• [Supplied data]:
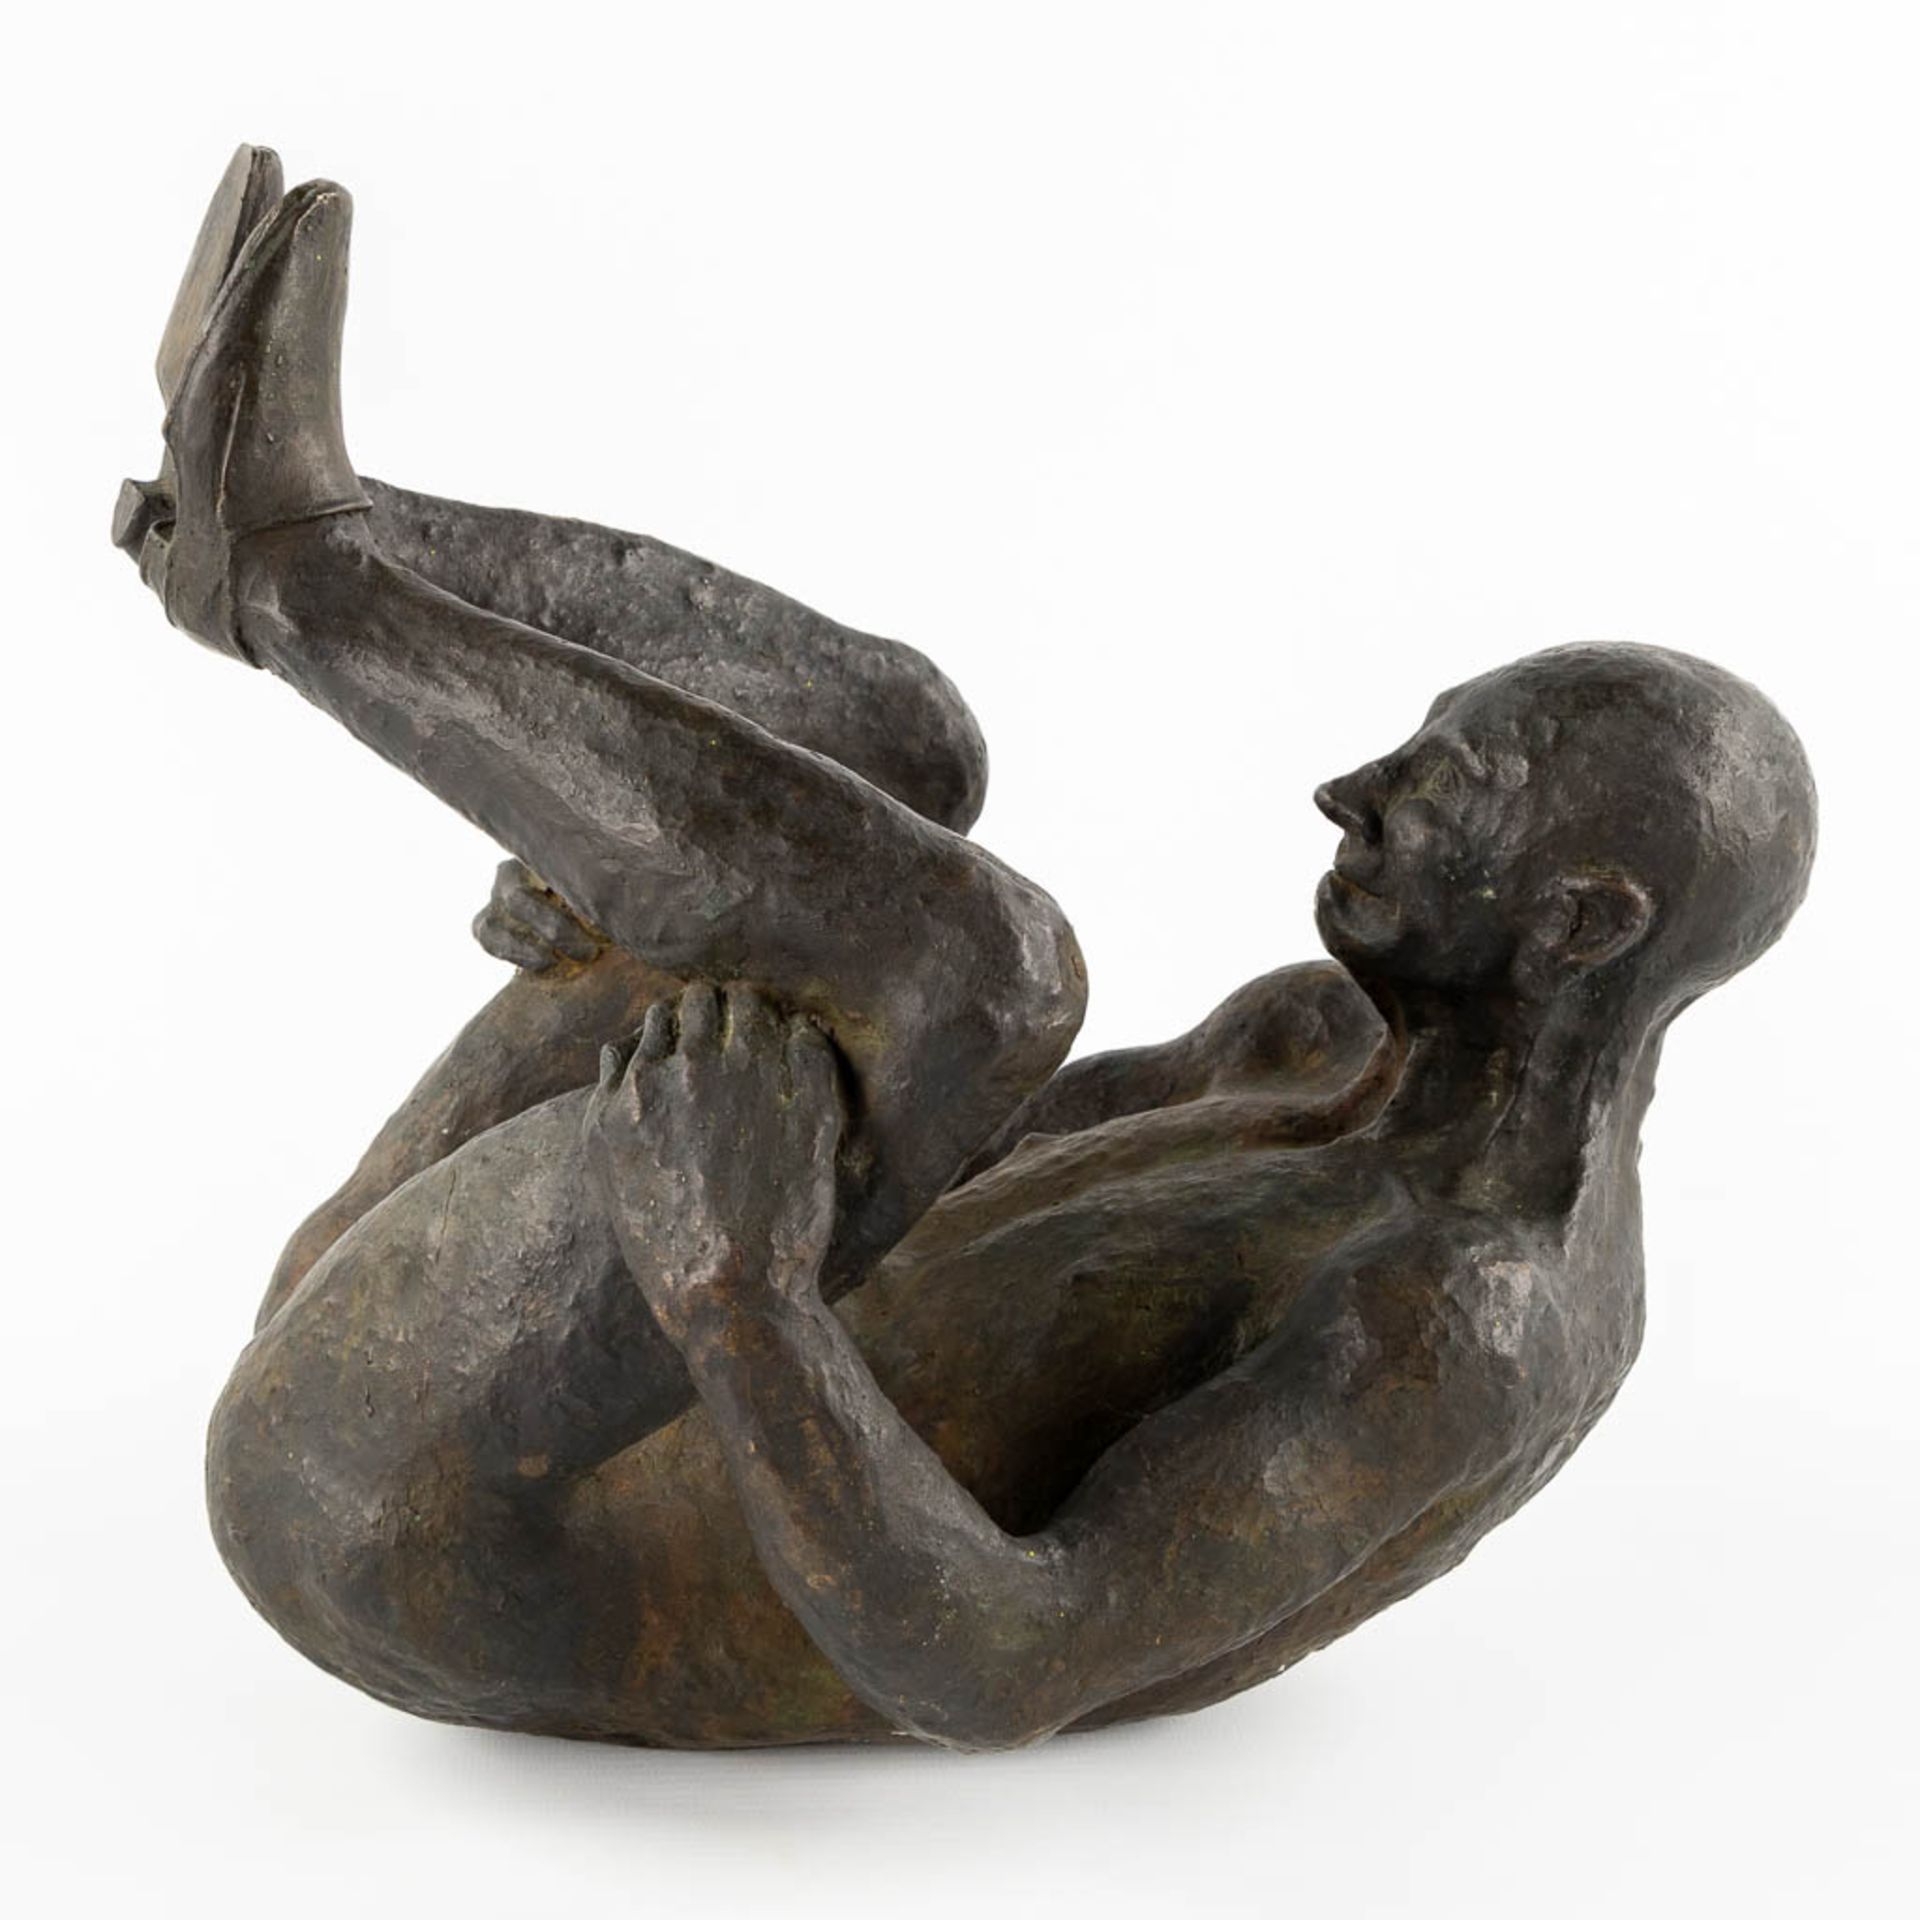 An Exposed Male figure' patinated bronze. (L:22 x W:30 x H:29 cm) - Image 5 of 9
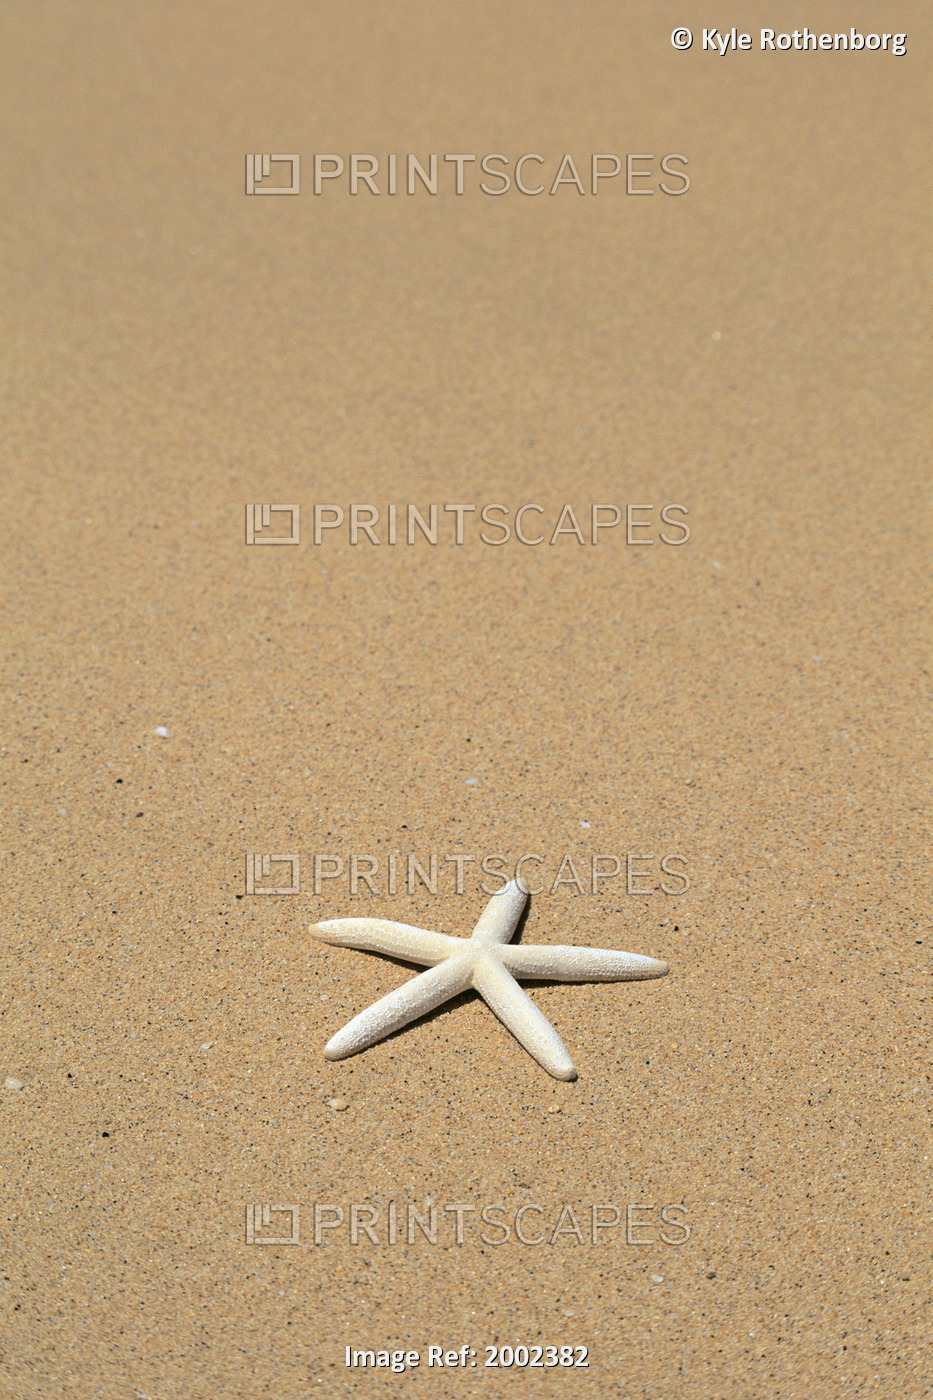 Side View Close-Up Of Single White Starfish On Sandy Beach
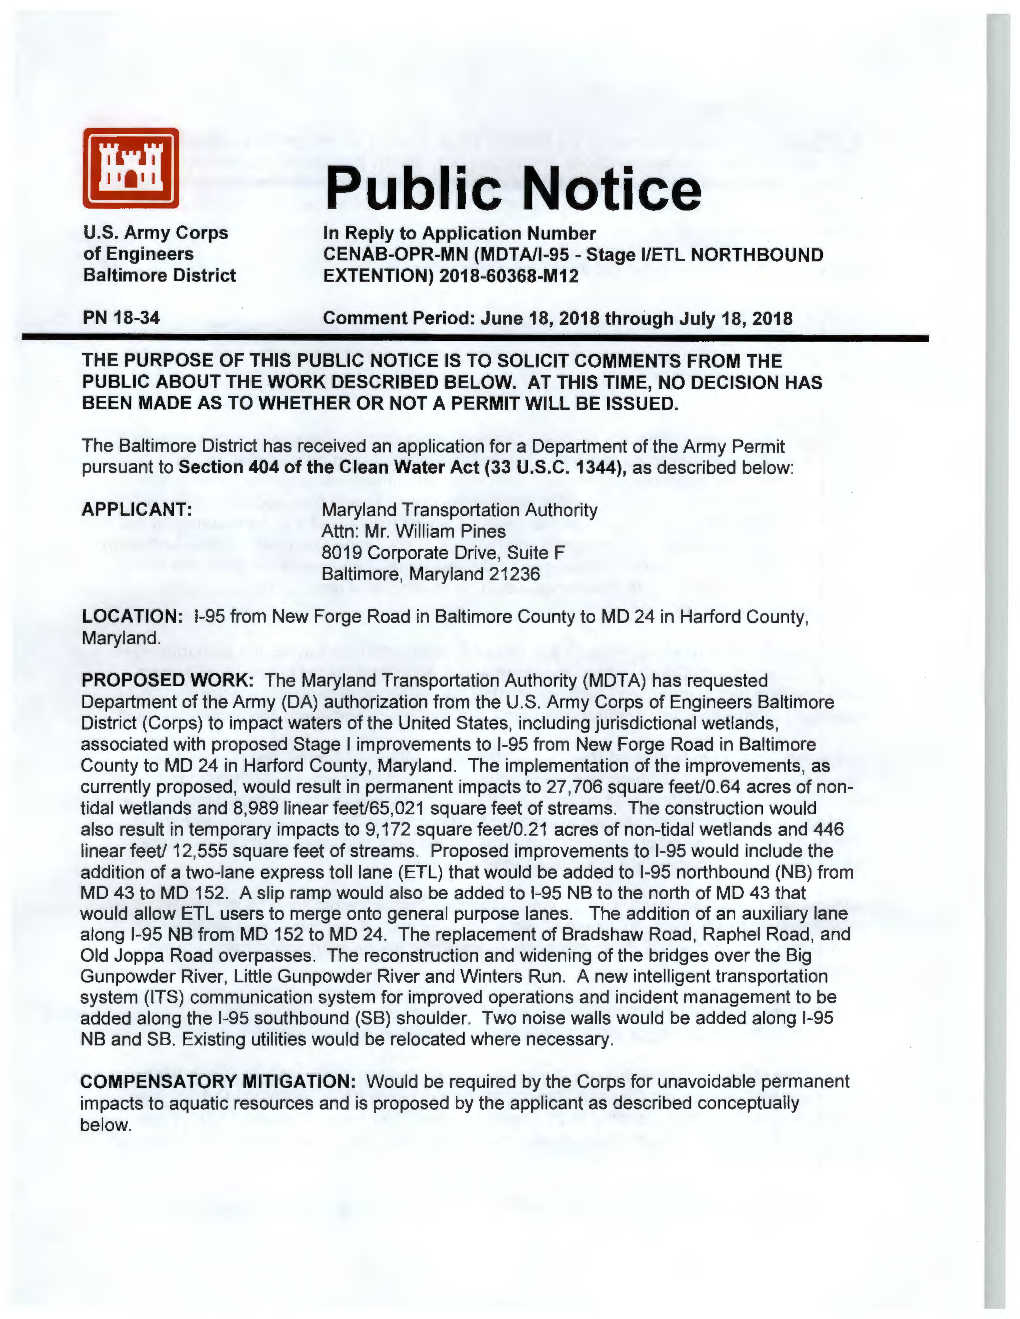 US Army Corps of Engineers Public Notice 06-18-2018

• [Action item]: With the images removed, write out all of the material above exactly.

• [Answer section]:
 An Exposed Male figure' patinated bronze. (L:22 x W:30 x H:29 cm) - Image 5 of 9
 Side View Close-Up Of Single White Starfish On Sandy Beach
 US Army Corps of Engineers Public Notice 06-18-2018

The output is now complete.